WHEREFORE, the present petition is DISMISSED.

NOTES:
On the Mootness of the Petition: The Solicitor General argues that the petition is moot because President Arroyo
had extended to respondents ad interim appointments on 23 September 2004 immediately after the recess of
Congress. In the present case, the mootness of the petition does not bar its resolution. The question of the
constitutionality of the Presidents appointment of department secretaries in an acting capacity while Congress is in
session will arise in every such appointment.
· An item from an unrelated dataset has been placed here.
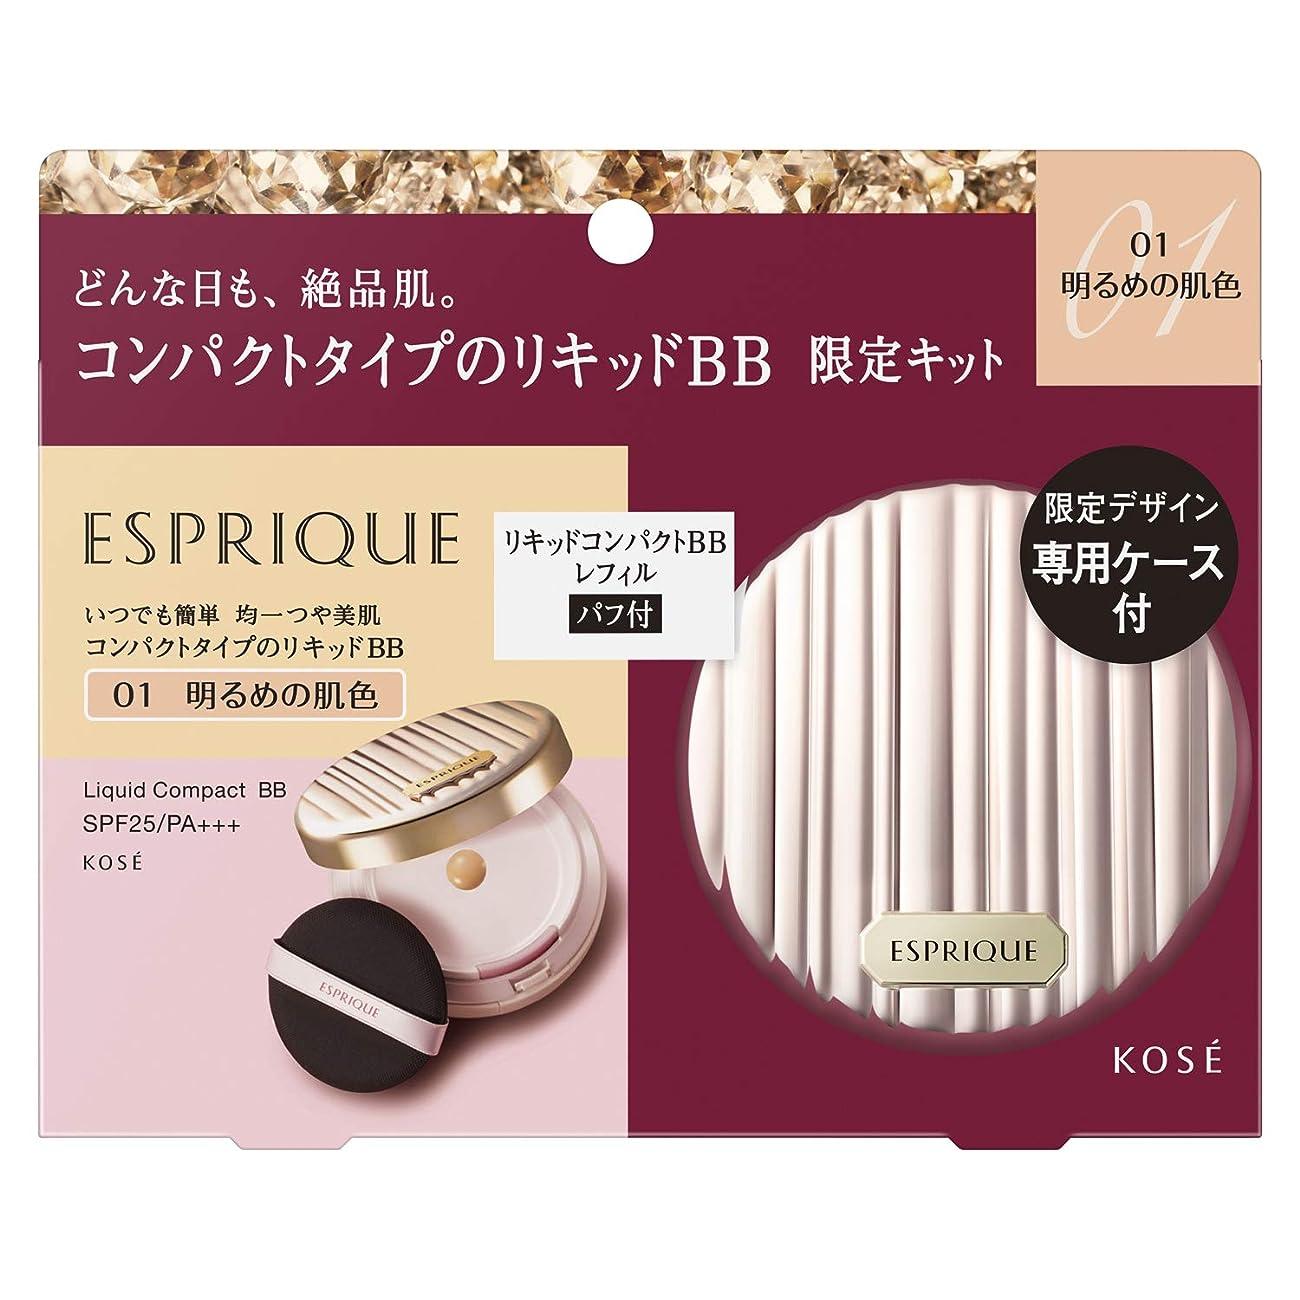 熱望する鍔約ESPRIQUE(エスプリーク) エスプリーク リキッド コンパクト BB 限定キット 2 BBクリーム 01 明るめの肌色 セット 13g+ケース付き

On the Nature of the Power to Appoint
xxx The Commission on Appointments is a creature of the Constitution. Although its membership
is confined to members of Congress, said Commission is independent of Congress. The powers of
the Commission do not come from Congress, but emanate directly from the Constitution. Hence, it
is not an agent of Congress. In fact, the functions of the Commissioner are purely executive in
nature. xxx
On Petitioners Standing
The Solicitor General states that the present petition is a quo warranto proceeding because, with the exception of
Secretary Ermita, petitioners effectively seek to oust respondents for unlawfully exercising the powers of department
secretaries. The Solicitor General further states that petitioners may not claim standing as Senators because no
power of the Commission on Appointments has been infringed upon or violated by the President. Petitioners contend
that they possess standing because President Arroyos appointment of department secretaries in an acting capacity
while Congress is in session impairs the powers of Congress. Considering the independence of the Commission on
Appointments from Congress, it is error for petitioners to claim standing in the present case as members of
Congress. President Arroyos issuance of acting appointments while Congress is in session impairs no power of
Congress. On the impairment of the prerogatives of members of the Commission on Appointments, only Senators
Enrile, Lacson, Angara, Ejercito-Estrada, and Osmena have standing in the present petition. This is in contrast to
Senators Pimentel, Estrada, Lim, and Madrigal, who, though vigilant in protecting their perceived prerogatives as
members of Congress, possess no standing in the present petition.